= 1920 Edmonton municipal election =

Municipal election in Alberta, Canada

The 1920 municipal election was held December 13, 1920, to elect a mayor and six aldermen to sit on Edmonton City Council and three trustees to sit on the public school board. J Cormack, Joseph Gariépy and J J Murray were acclaimed to two-year terms on the separate school board. In a plebiscite held at the same time, Edmontonians repeated their previous year's rejection of a proposal to pay aldermen. Ratepayers also voted down the various money bylaws that were up for discussion.

There were ten aldermen on city council, but four of the positions were already filled: Percy Abbott, John Bowen, James East and Rice Sheppard were all elected to two-year terms in 1919 and were still in office. J. A. Kinney had also been elected to a two-year term in 1919, but had resigned. Accordingly, Samuel McCoppen, who came in in sixth place, was elected to a one-year term.

Five candidates of a new party, the business-oriented Citizens Progressive League AKA the Citizens Committee or Citizens ticket, were elected to most of the open seats. McCoppen was the sole Labour Party candidate to be elected. A third party, the Independent Labor Party, ran two candidates but did not elect anyone.

There were seven trustees on the public school board, but four of the positions were already filled: Samuel Barnes, J. W. H. Williams, J A McPherson, and Frank Scott had all been elected to two-year terms in 1919 and were still in office. The same was true on the separate board, where Joseph Henri Picard, Paul Jenvrin, Thomas Magee, and Thomas Malone were continuing.

==Voter turnout==
There were 14,710 ballots cast out of 26,903 eligible voters, for a voter turnout of 54.6%.

==Results==
- bold indicates elected
- italics indicate incumbent
- South Side, where data is available, indicates representative for Edmonton's South Side, with a minimum South Side representation instituted after the city of Strathcona, south of the North Saskatchewan River, amalgamated into Edmonton on February 1, 1912.

===Mayor===

| Party |  | Candidate | Votes | % |
|---|---|---|---|---|
|  | Citizens' Progressive League | David Duggan | 7,537 | 51.78% |
|  | Labour | Joseph Clarke | 6,974 | 47.90% |
|  | Independent | Albert Stimmel | 47 | 0.32% |

===Aldermen===
Block voting was used - each voter cast up to six votes.

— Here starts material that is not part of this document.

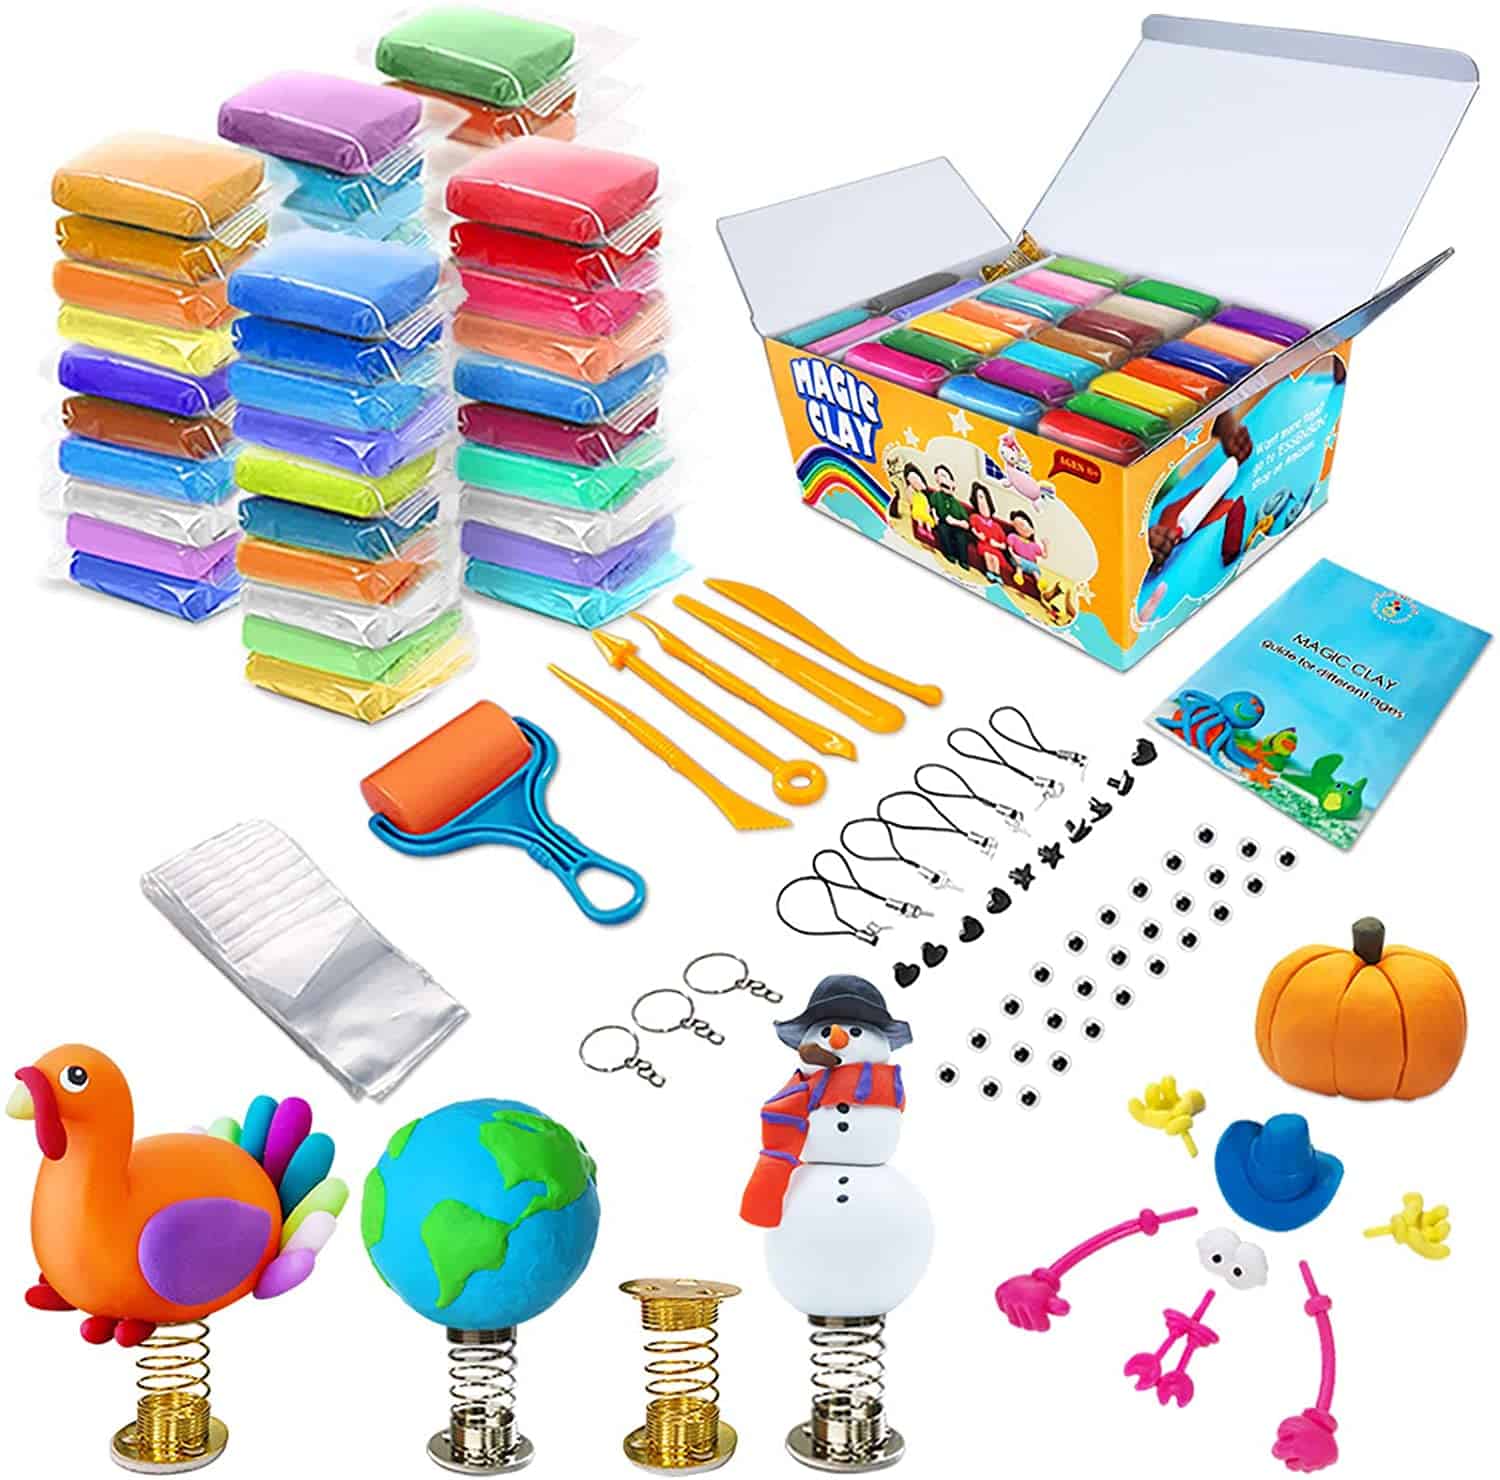 Best modeling clay kit for kids- ESSENSON Magic Clay with Tools and Accessories

| Party |  | Candidate | Votes |
|---|---|---|---|
|  | Citizens' Progressive League | Joseph Adair | 7,023 |
|  | Citizens' Progressive League | Andrew McLennan | 6,996 |
|  | Citizens' Progressive League | Valentine Richards (South Side) | 6,385 |
|  | Citizens' Progressive League | James Collisson | 6,280 |
|  | Citizens' Progressive League | William Campbell McArthur | 5,679 |
|  | Dominion Labour Party | Samuel McCoppen | 5,478 |
|  | Dominion Labour Party | A. Boileau | 5,133 |
|  | Citizens' Progressive League | W. H. Speer | 5,111 |
|  | Dominion Labour Party | Alfred Farmilo | 4,638 |
|  | Dominion Labour Party | Daniel Kennedy Knott | 4,625 |
|  | Dominion Labour Party | J. J. Murray | 4,574 |
|  | Dominion Labour Party | G. Latham | 4,312 |
|  | Independent | John McKenzie | 3,040 |
|  | Independent Labor Party | George L. Ritchie | 1,610 |
|  | Independent Labor Party | Joseph White | 957 |
|  | Independent | Hyman King | 760 |

===Public school trustees===
Block voting was used - each voter cast up to three votes.

| Party |  | Candidate | Votes |
|---|---|---|---|
|  | Citizens' Progressive League | Mrs. E. T. (Thryza) Bishop | 6,988 |
|  | Citizens' Progressive League | William Hardy Alexander | 6,711 |
|  | Citizens' Progressive League | William Rea | 6,667 |
|  | Labour | J. W. B. Williams | 5,599 |
|  | Labour | Frank Crang | 5,444 |
|  | Labour | J. Heron | 4,137 |

===Separate (Catholic) school trustees===

| Party |  | Candidate | Votes |
|---|---|---|---|
|  | Independent | J. Cormack | acclaimed |
|  | Independent | Joseph Gariépy | acclaimed |
|  | Independent | J. J. Murray (South Side) | acclaimed |

===Plebiscite===

Should Aldermen be paid?
|  | Votes | % |
| Yes | 4,234 | 32.46% |
| No | 8,811 | 67.54% |

Ratepayers voted down the various money bylaws that were up for discussion.